However, such fixed-length tables are not practical in many cases for routing based on variable length digit strings, such as telephone numbers. In some cases, there is a need to differentiate specific numbers (e.g., subscriber numbers associated with the switch performing the lookup) while in others one has to match blocks of consecutive numbers (e.g. numbers associated with other switches). One conventional attempt to solve this problem has been to employ multiple fixed-length prefix tables. As the name implies, use of multiple fixed-length prefix tables means the data is stored in more than one table. Each table has a different fixed-length key to allow application of different search criteria. For example, North American telephone numbers might be appropriately matched against tables of length ten digits, six digits, and three digits. The first ten digits of the presented number (the “subscriber number”) may be used to search the 10-digit table. If a match is found in this table, the result may be returned. If no match is found, the first six digits of the presented number (the “exchange”) may be used to search the 6-digit table. Again, if a match is found, the result may be returned. Finally, if no match was found in the other tables, the first three digits of the presented number (the “NPA”) would be used to search the 3-digit table.

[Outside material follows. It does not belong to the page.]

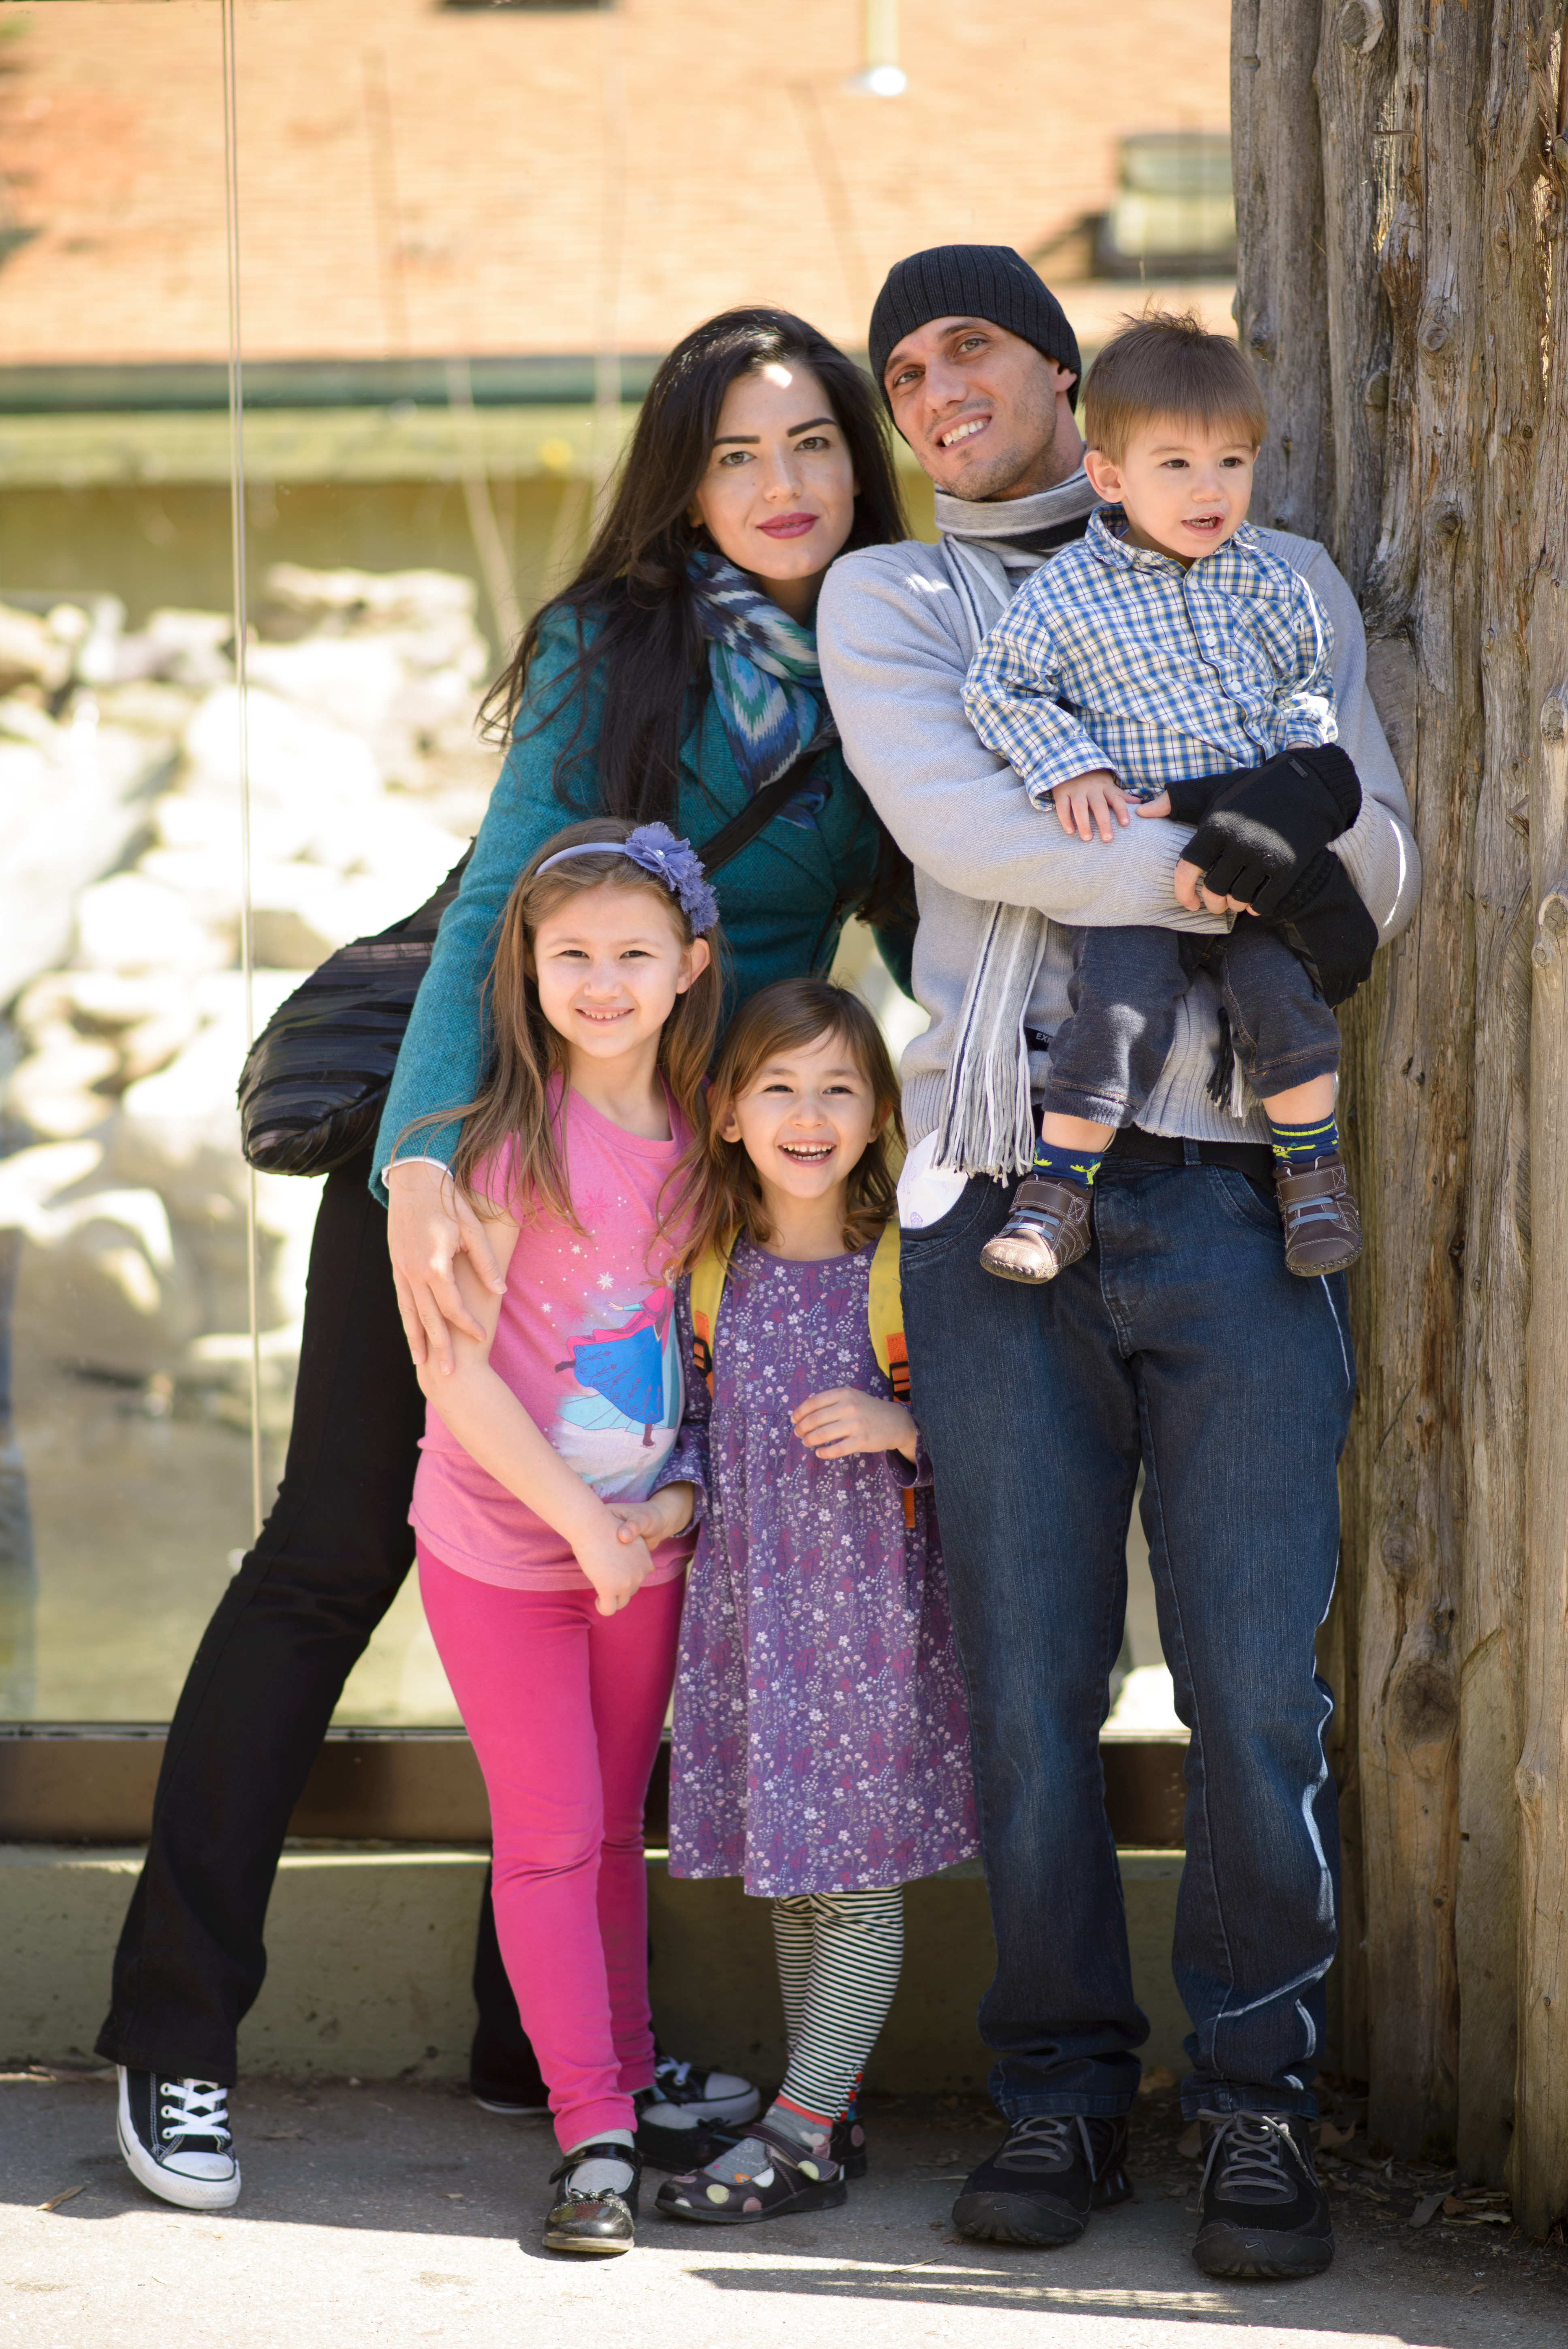 Josie, Bruna, Celia, Javi and Ewan

Although the above scheme may be extended to use more tables to provide additional string matching criteria, such an approach would not be practical. Such a scheme would require multiple searches, starting with the table having the largest prefix and ending with table having the shortest prefix, until a match is found.

Common search strategies, not only in the telephony industry but also in database applications in general, involve exact-matching between the value presented for lookup (the “presented key”) and values provisioned in the table being searched. Alternatively, some search strategies involve matching only a sub-string of the presented value against the values provisioned in the table. Again, the sub-string may be matched exactly. When the sub-string is taken from the leading digits or characters of the presented value, this scheme may be referred to as prefix matching because matching is defined by the provisioned key value being a prefix of the presented value. An example of a prefix match is that “913” is a prefix of “913484”. For contrast, neither is “913484” a prefix of “913” nor is “913” a prefix of any of “91”, “92”, or “912484”.

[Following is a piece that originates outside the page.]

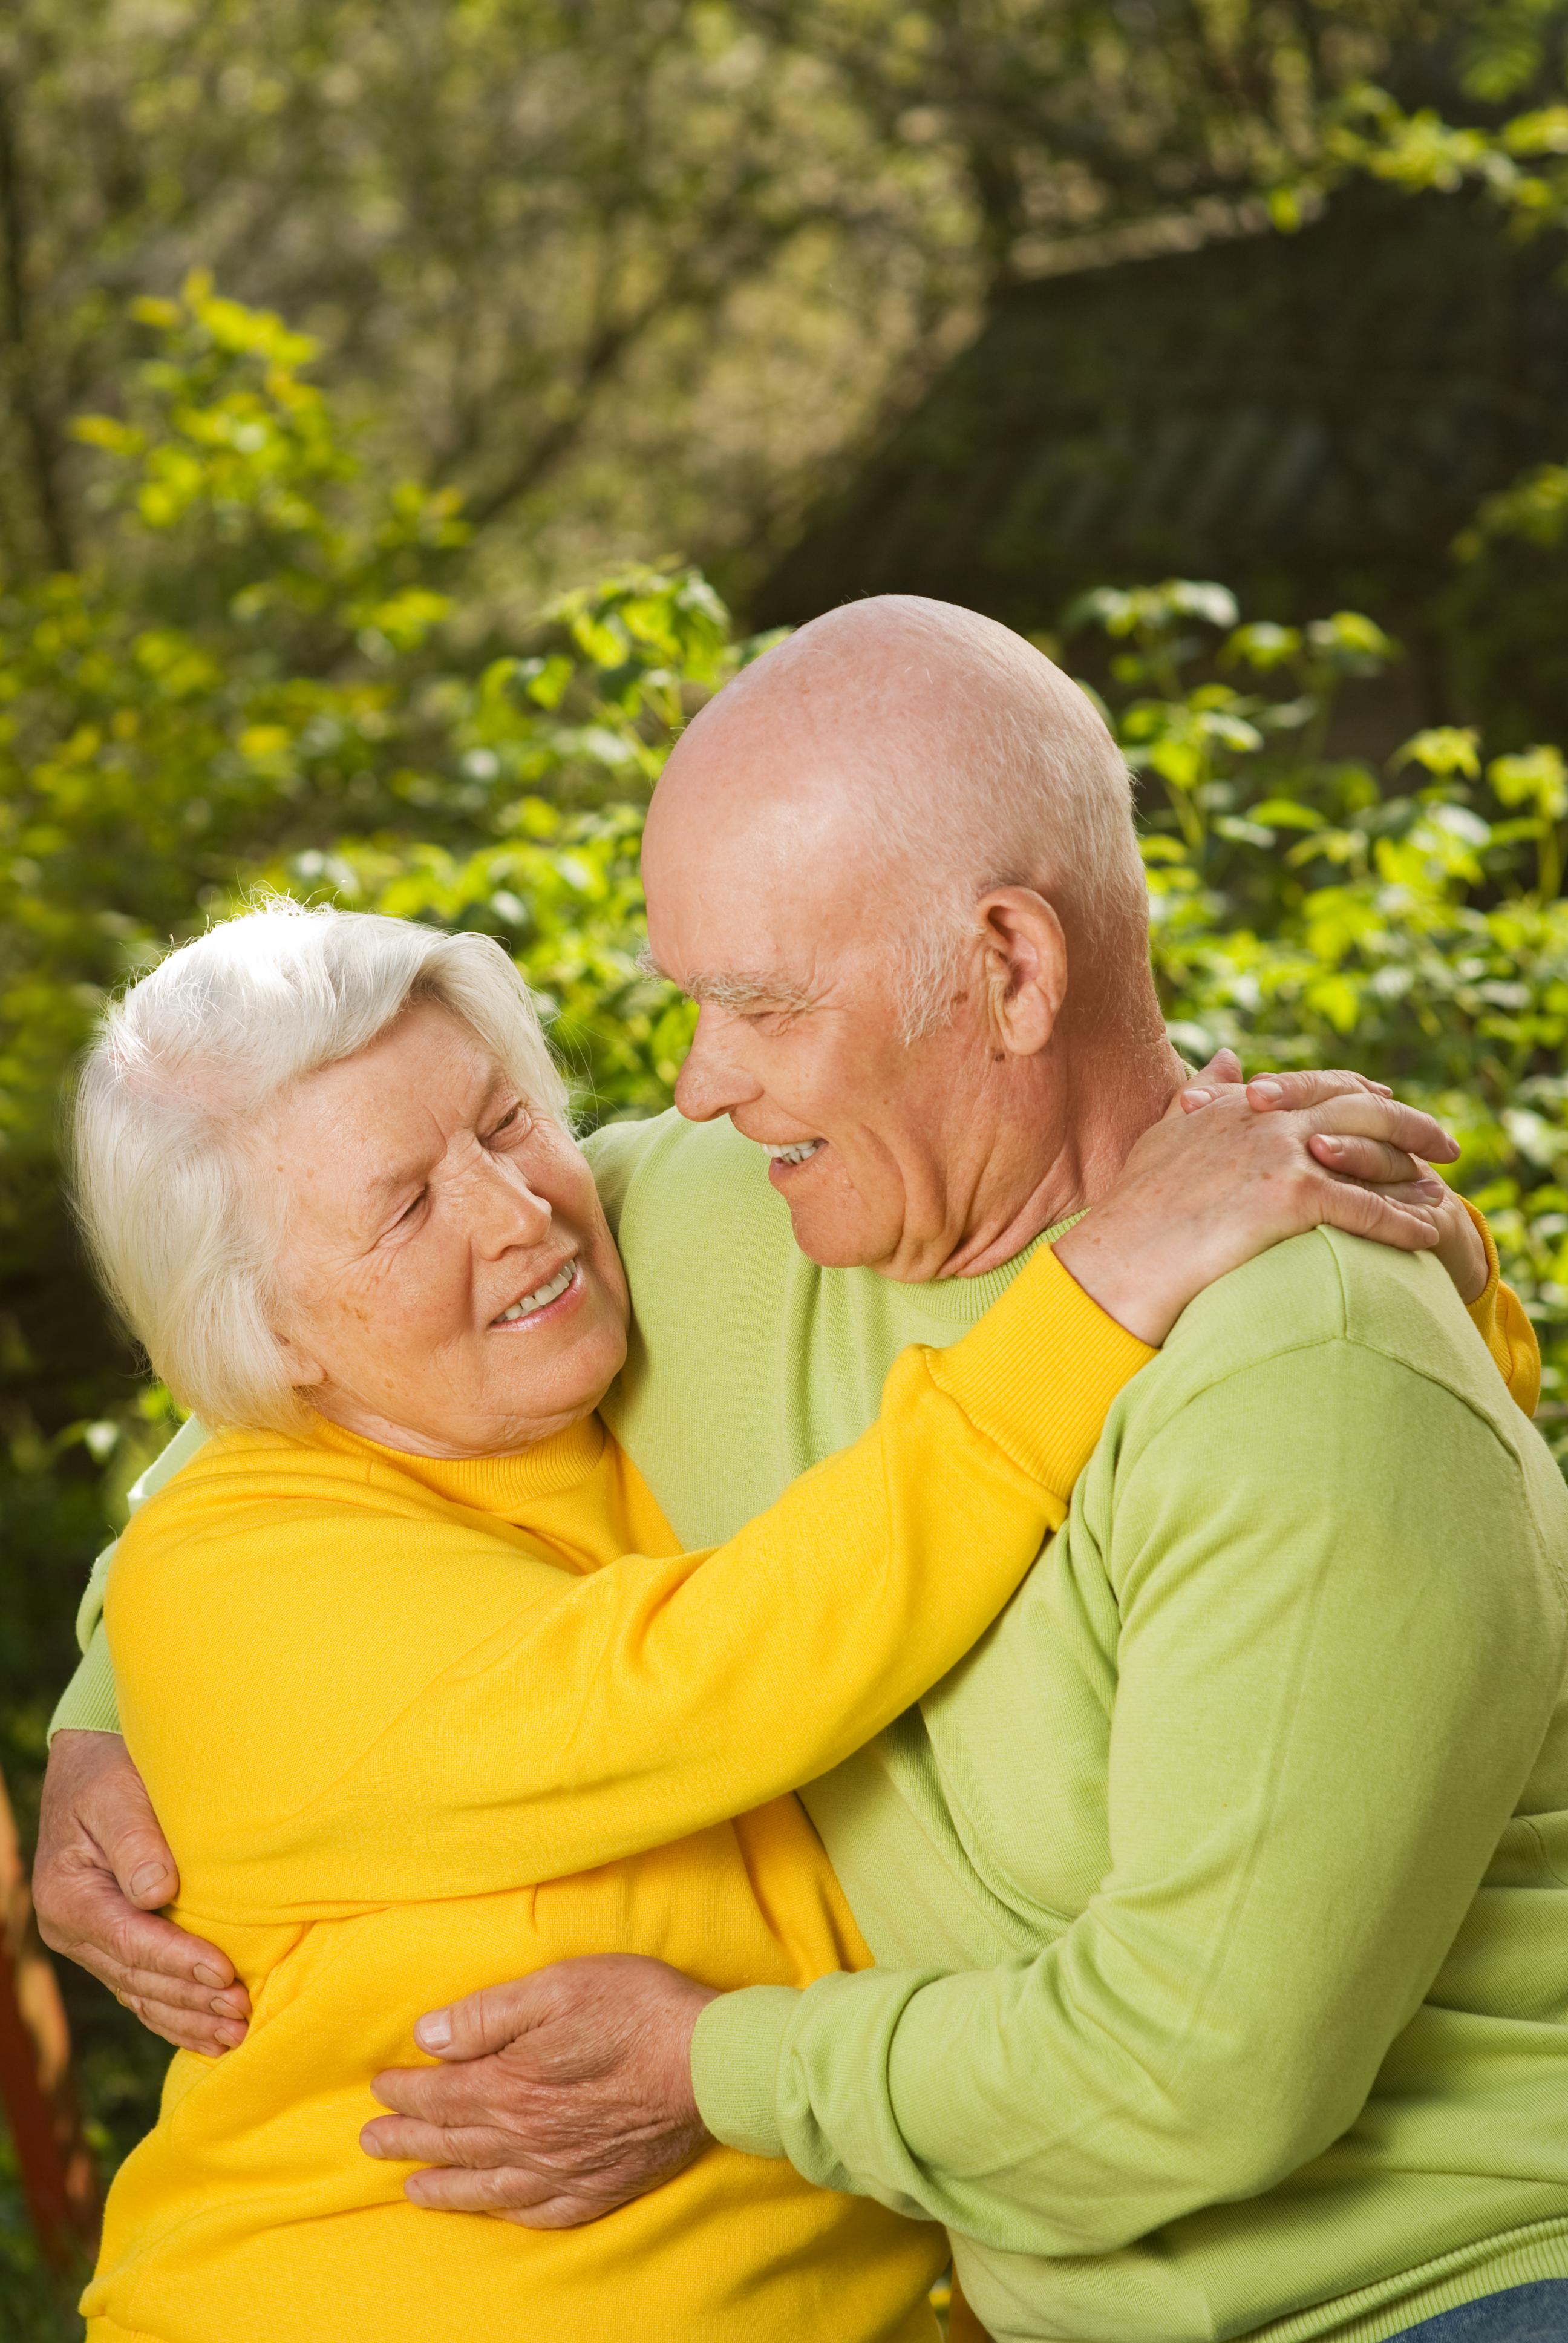 Senior Online Dating Sites No Register Needed

Although prefix matching can be useful, it can also result in extra provisioning. For example, to specify that a particular action should occur for any telephone number staring with “913641”, “913642”, “913643”, or “913644” (but not other numbers starting with “91364”), one must provision four different rows, one for each of the prefixes to be matched. It would be simpler if one could instead specify that a row covered a range, such as “913641” through “913644”.

In fact, some prefix-based systems include a user interface that allows the user to specify a range of numbers and have the appropriate multiple rows be automatically provisioned. Nevertheless, this is a convenience for the user and does not affect the run-time representation: it still requires multiple similar rows.

Some systems that deal with varying-length data have used a varying length representation, such as character strings. A problem with such systems is that performing operations on such representations, such as comparing or copying, may involve run-time execution loops that process one character at a time. Far more efficient would be a representation that allows parallel processing of the digits in a single operation (or, at least, a small fixed number of operations).

If digit strings are converted to corresponding integer representations or are padded with some padding digit to a maximal length, then such parallel processing becomes possible. Unless special digit values are reserved for padding, however, such representations can lose track of what is padding and what is not. A common side-effect is not being able to distinguish either leading or trailing “0” digits. For example, “123” and “0123” might both be represented identically as the integer 123. Alternatively, both “123” and “1230” might both be represented identically as “1230000”.

Another representation is designed specifically for searching: M-ary trees where each node has up to M possible successor nodes where M is the number of distinct digit values allowed (or sometimes that number+1). Also known as tries, digit trees are searched by traversing one node for each digit of the digit string presented; at each level the successor node is selected according to the corresponding digit of the digit string. In a given table, digit strings that share a common prefix will also share initial digit-tree nodes; they will diverge when the first distinct digit is reached. Because the search-indexing method and the representation are so closely bound with each other, digit trees do not work particularly well for range-based matching. They can be time-efficient, however, for implementing prefix matching: the search time is proportional to the length of the digit string presented and is independent of the size of the table. Unless a table is densely populated, however, digit trees tend to be space-inefficient. The implementation can also be confusing and difficult for the end-user to provision.

SUMMARY OF THE INVENTION

Embodiments of the present invention comprise systems and methods for implementing a high performance data engine and data representation methods for optimizing data table operations. The data engine comprises a computer system including a central processing unit, a memory and programming logic and a data table comprising a plurality of data structures for storing data values. The data structures are made up of a first portion and a second portion, where the first portion stores a data value and the second portion stores a length value associated with the data value.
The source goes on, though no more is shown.